We used simulation studies to evaluate the accuracy of EDE relative to other distances (INV and BP) for estimating evolutionary distances between genomes affected by inversions, transpositions, and inverted transpositions. The details of our methodology are described below; here we give a brief outline of the study design. We generated model trees under either a uniform distribution or under the birth-death model. We simulated the evolution of genomes down the different trees using the GNT model (the generalized Nadeau-Taylor, defined below), thus producing synthetic data (genomes) at the tips (leaves) of the trees. We then computed distances between these genomes, using the various estimators (BP, INV, EDE). Each distance matrix was analyzed using NJ and FastME (Desper and Gascuel 2002), producing trees for each matrix. Accuracy of the resulting trees was measured relative to the model tree using false-negative and false-positive rates.
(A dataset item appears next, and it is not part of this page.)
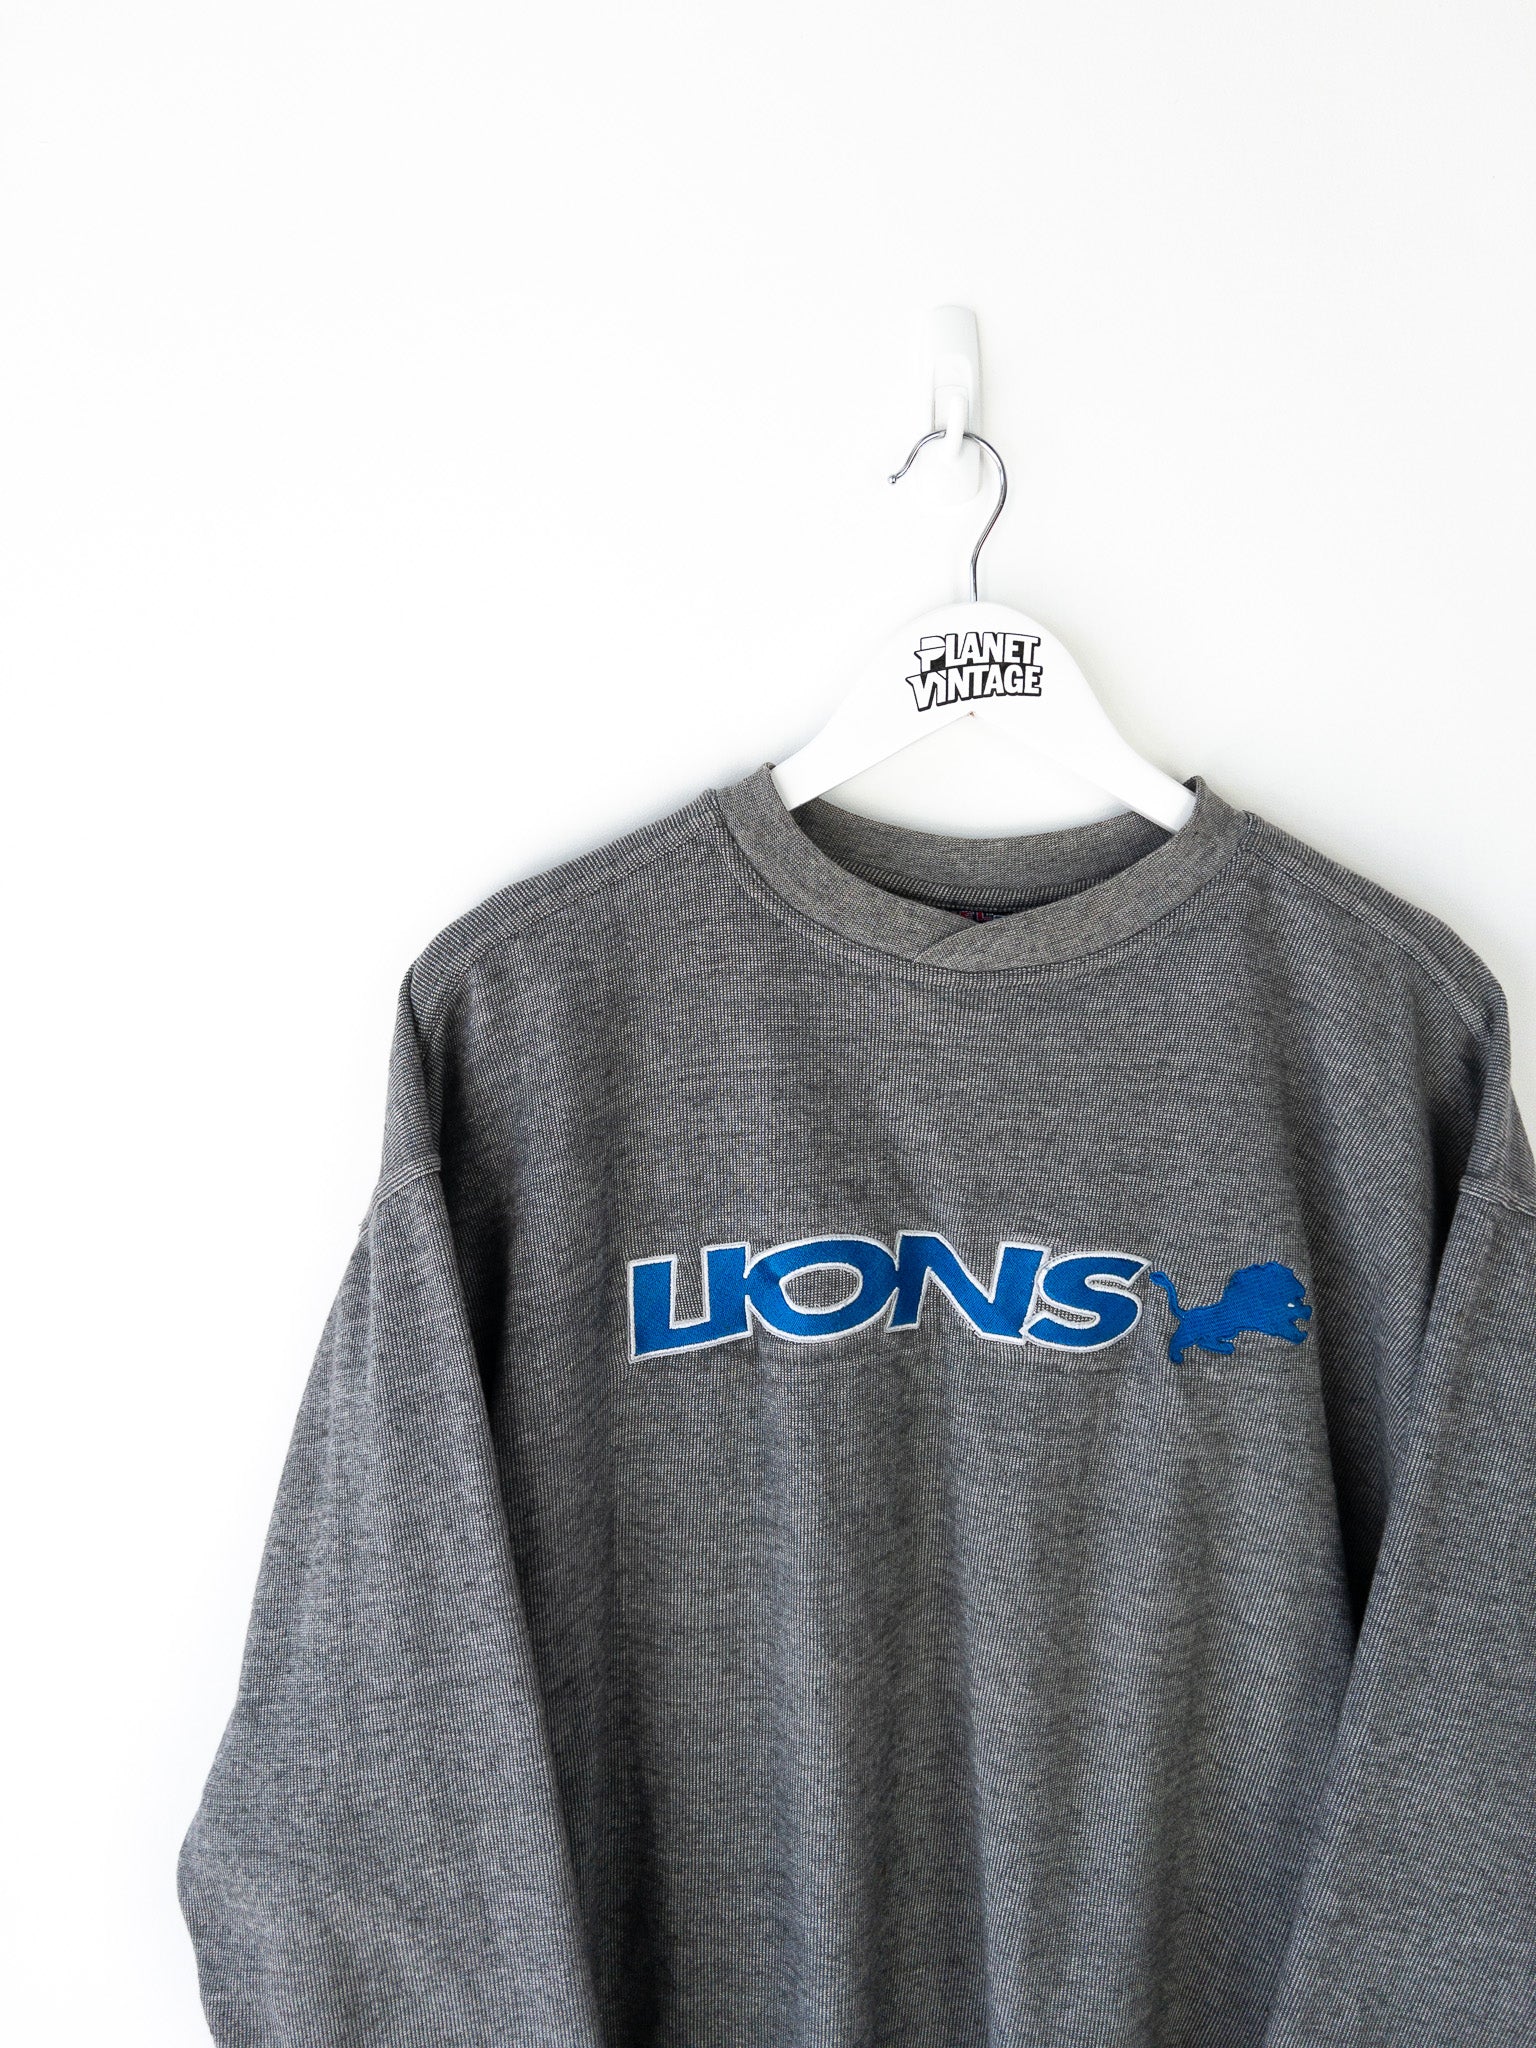 Vintage Detroit Lions Sweatshirt (L)

We explored performance on datasets containing either 40 or 160 genomes and either 37 or 120 genes (typical values for mitochondrial and chloroplast genomes, respectively), for a variety of settings of the relative probabilities of the three types of events (inversions, transpositions, and inverted transpositions). Each of these aspects of the study is discussed in more detail below.

Model Trees

As the basis of our experiments we produced model trees; a model tree consists of a rooted tree topology and branch lengths, where the branch length indicates the expected number of evolutionary events (inversions, transpositions, and inverted transpositions) on the branch. The relative probabilities of these different events are given by other parameters in the GNT model and are defined below.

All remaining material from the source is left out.